▶ _Exercise instructions_: Without including the pictures, copy out every line below.

▶ _Supplied information_:
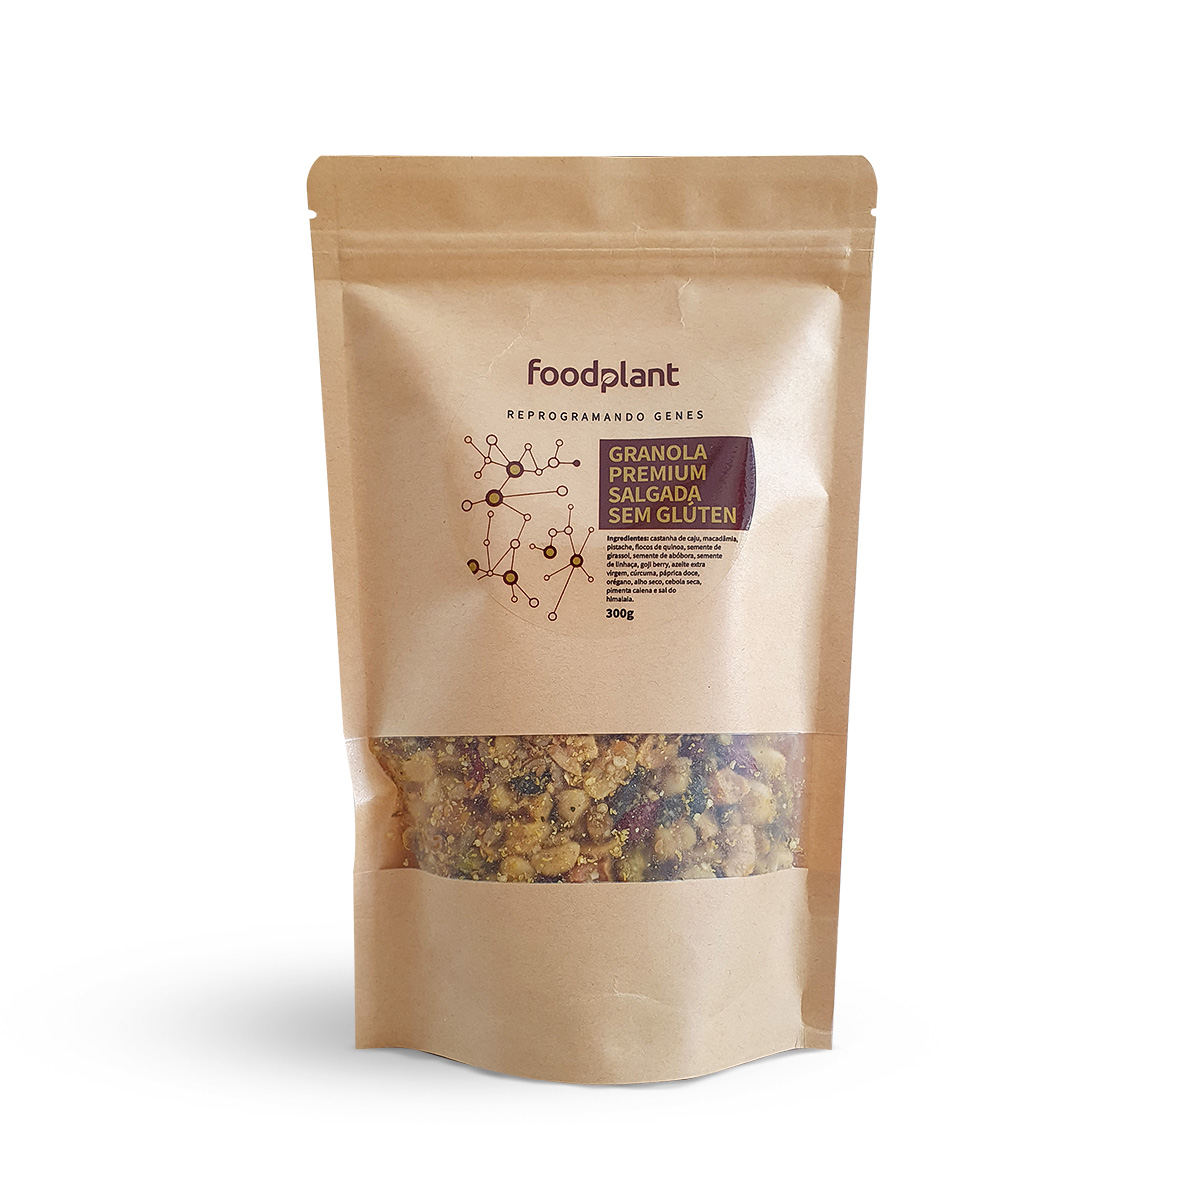 Granola Premium Salgada Foodplant 300g
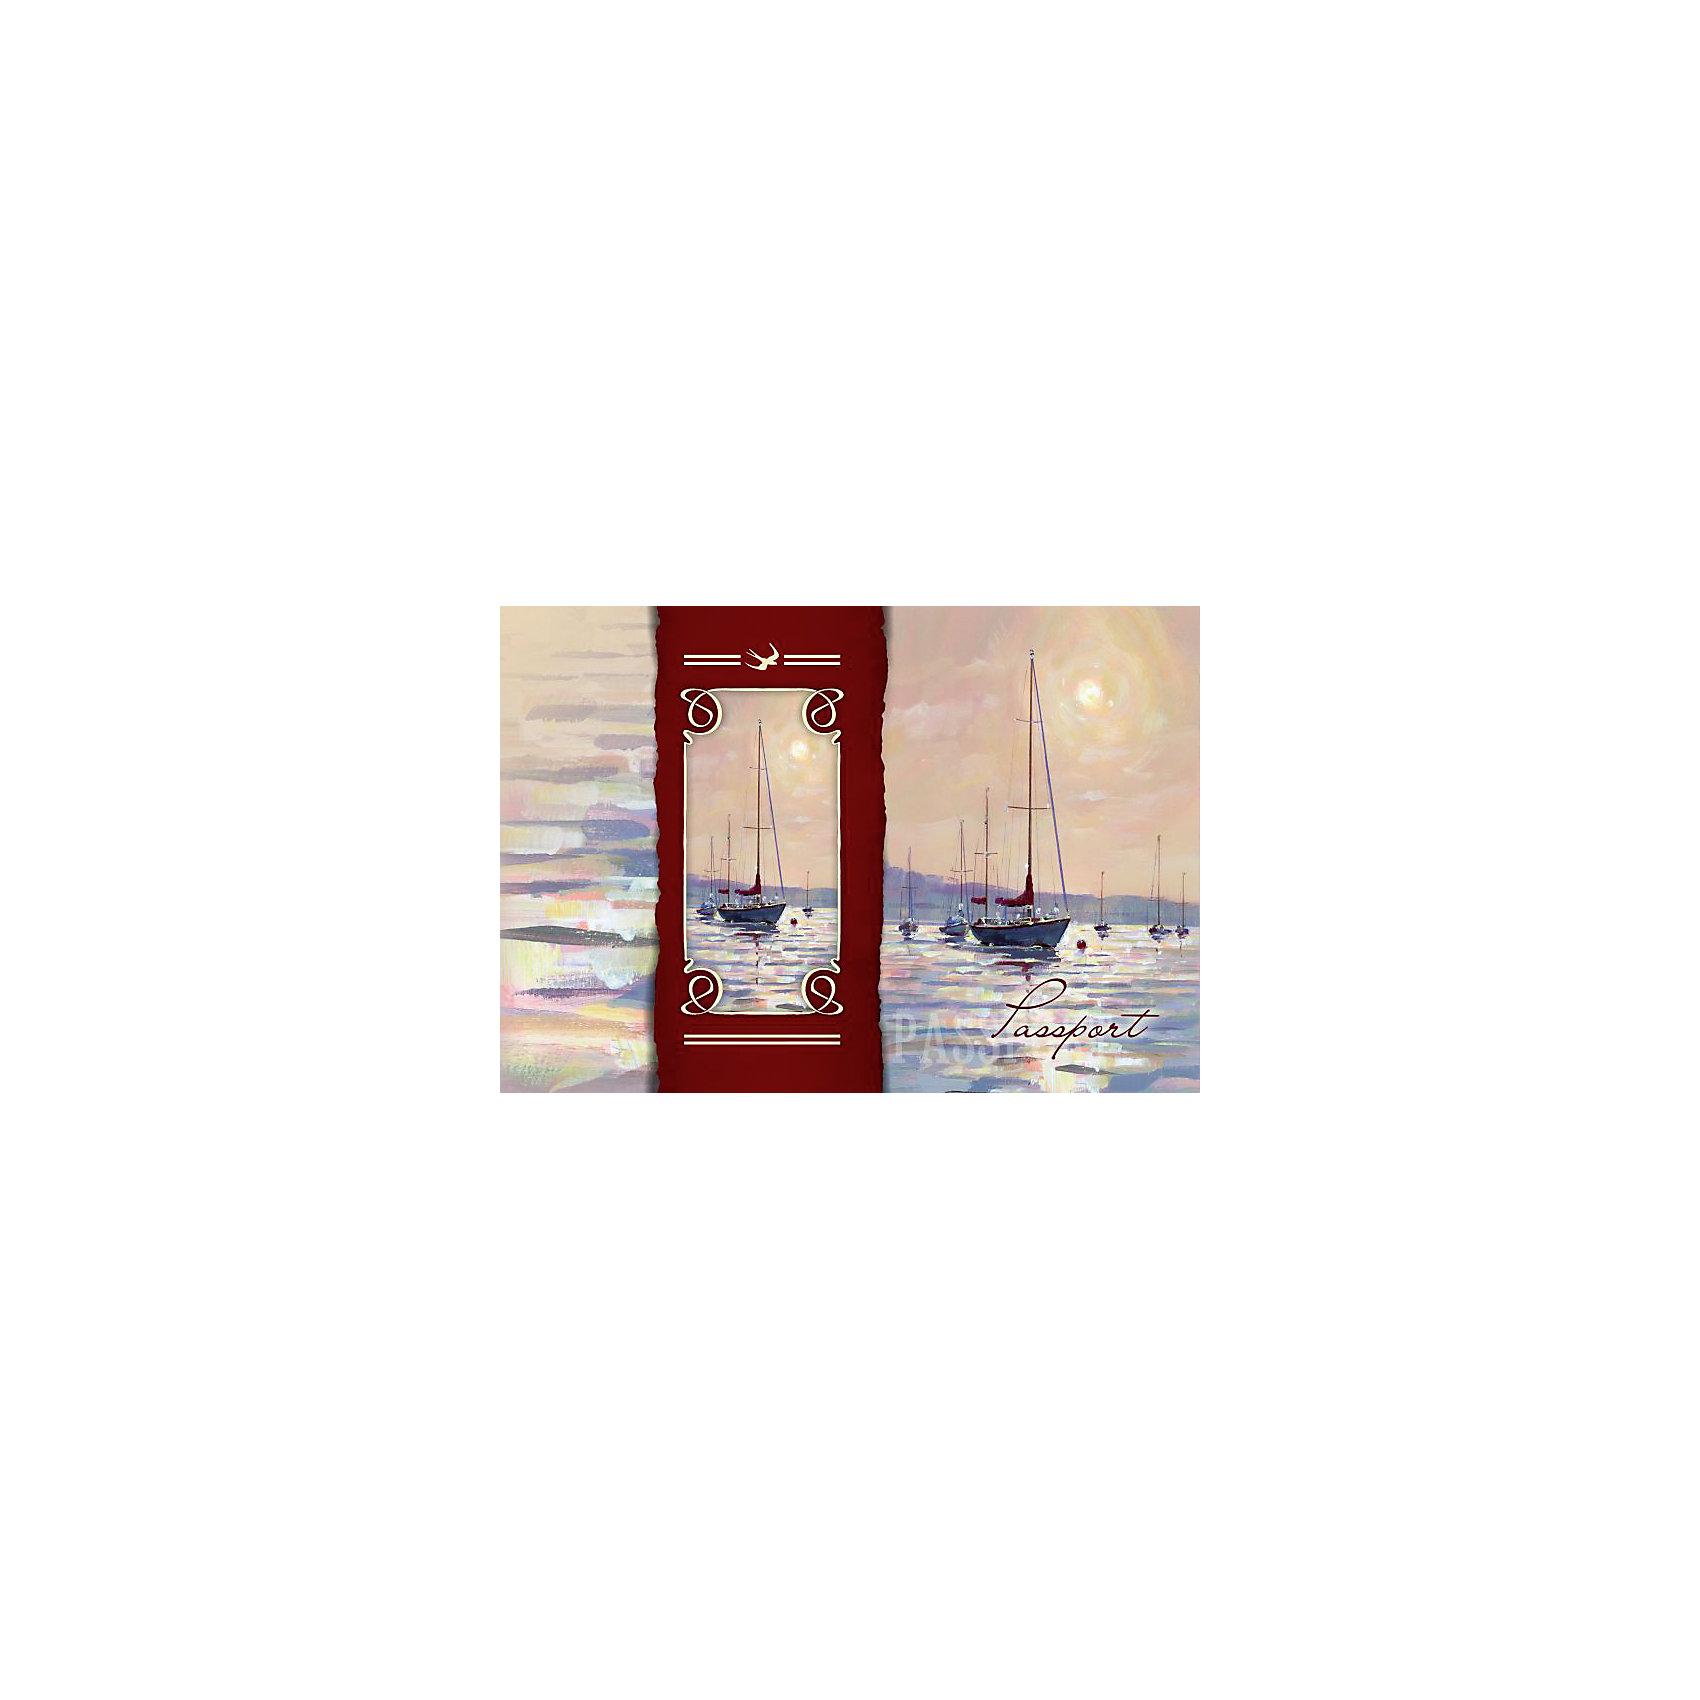 Обложка для паспорта Морской пейзаж, Феникс-ПрезентВ дорогу<br>Обложка для паспорта Морской пейзаж, Феникс-Презент <br><br>Характеристики:<br><br>• оригинальный дизайн<br>• высокая прочность<br>• размер: 13,3х19,1 см<br>• материал: ПВХ<br><br>Обложка для паспорта Морской пейзаж защитит ваши документы от намокания, а также подчеркнет оригинальность стиля. Обложка выполнена из прочного поливинилхлорида, устойчивого к износу. На обложке изображен фрагмент морского пейзажа. Такая красивая обложка всегда будет радовать глаз!<br><br>Обложку для паспорта Морской пейзаж, Феникс-Презент вы можете купить в нашем интернет-магазине.<br><br>Ширина мм: 133<br>Глубина мм: 191<br>Высота мм: 50<br>Вес г: 35<br>Возраст от месяцев: 168<br>Возраст до месяцев: 2147483647<br>Пол: Унисекс<br>Возраст: Детский<br>SKU: 5449604
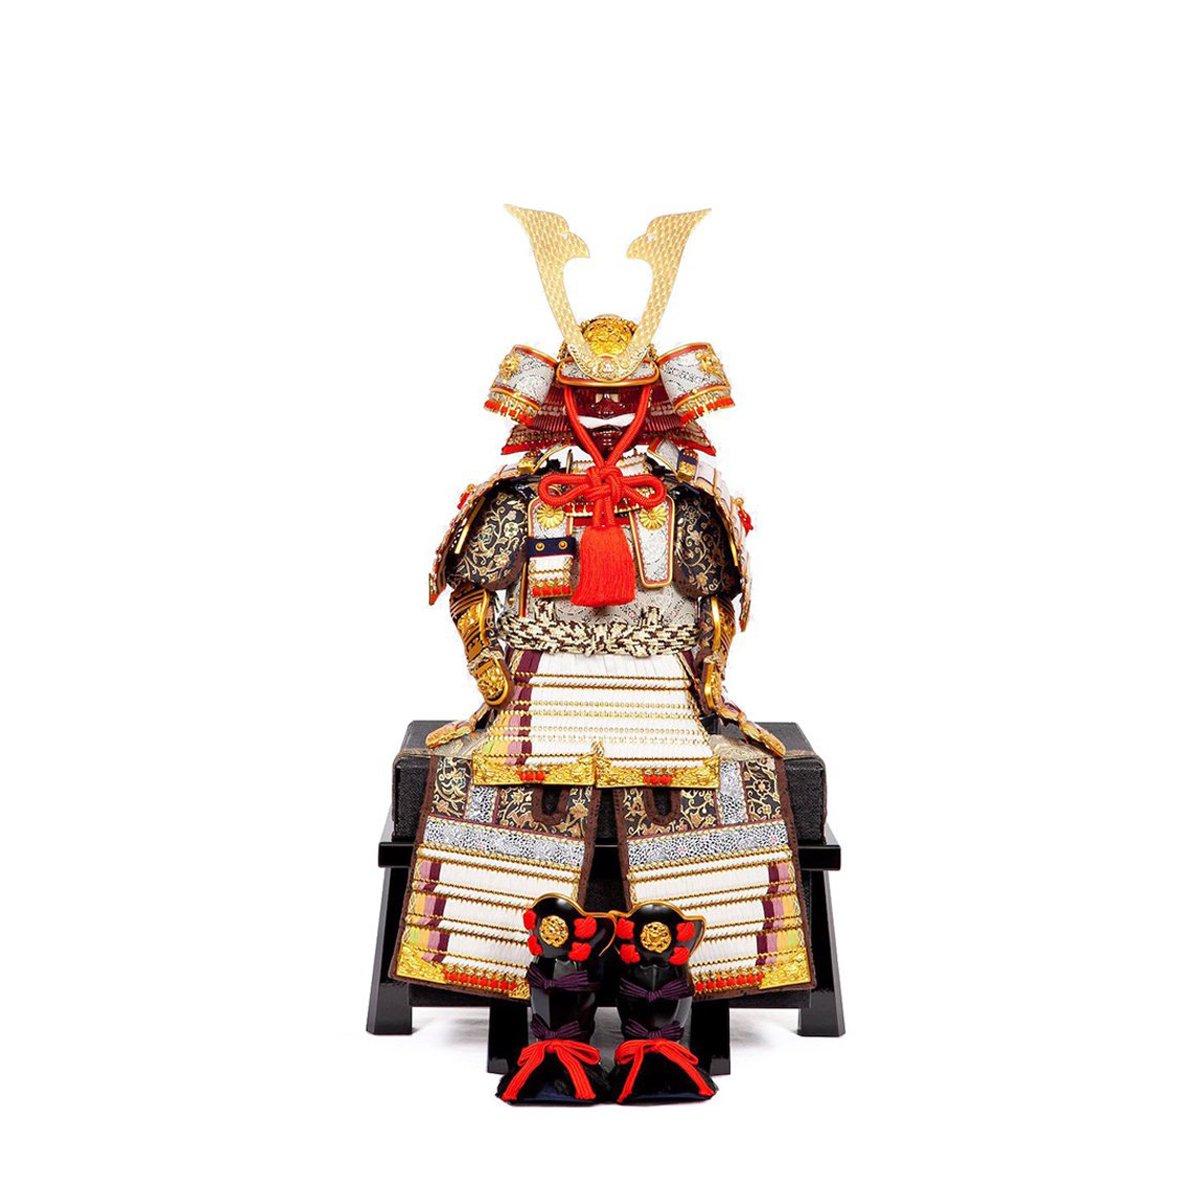 鎧飾り単品 7号 白糸威褄取大鎧 鈴甲子雄山作

▶ _Written solution_:
 Granola Premium Salgada Foodplant 300g
 Обложка для паспорта Морской пейзаж, Феникс-ПрезентВ дорогу<br>Обложка для паспорта Морской пейзаж, Феникс-Презент <br><br>Характеристики:<br><br>• оригинальный дизайн<br>• высокая прочность<br>• размер: 13,3х19,1 см<br>• материал: ПВХ<br><br>Обложка для паспорта Морской пейзаж защитит ваши документы от намокания, а также подчеркнет оригинальность стиля. Обложка выполнена из прочного поливинилхлорида, устойчивого к износу. На обложке изображен фрагмент морского пейзажа. Такая красивая обложка всегда будет радовать глаз!<br><br>Обложку для паспорта Морской пейзаж, Феникс-Презент вы можете купить в нашем интернет-магазине.<br><br>Ширина мм: 133<br>Глубина мм: 191<br>Высота мм: 50<br>Вес г: 35<br>Возраст от месяцев: 168<br>Возраст до месяцев: 2147483647<br>Пол: Унисекс<br>Возраст: Детский<br>SKU: 5449604
 鎧飾り単品 7号 白糸威褄取大鎧 鈴甲子雄山作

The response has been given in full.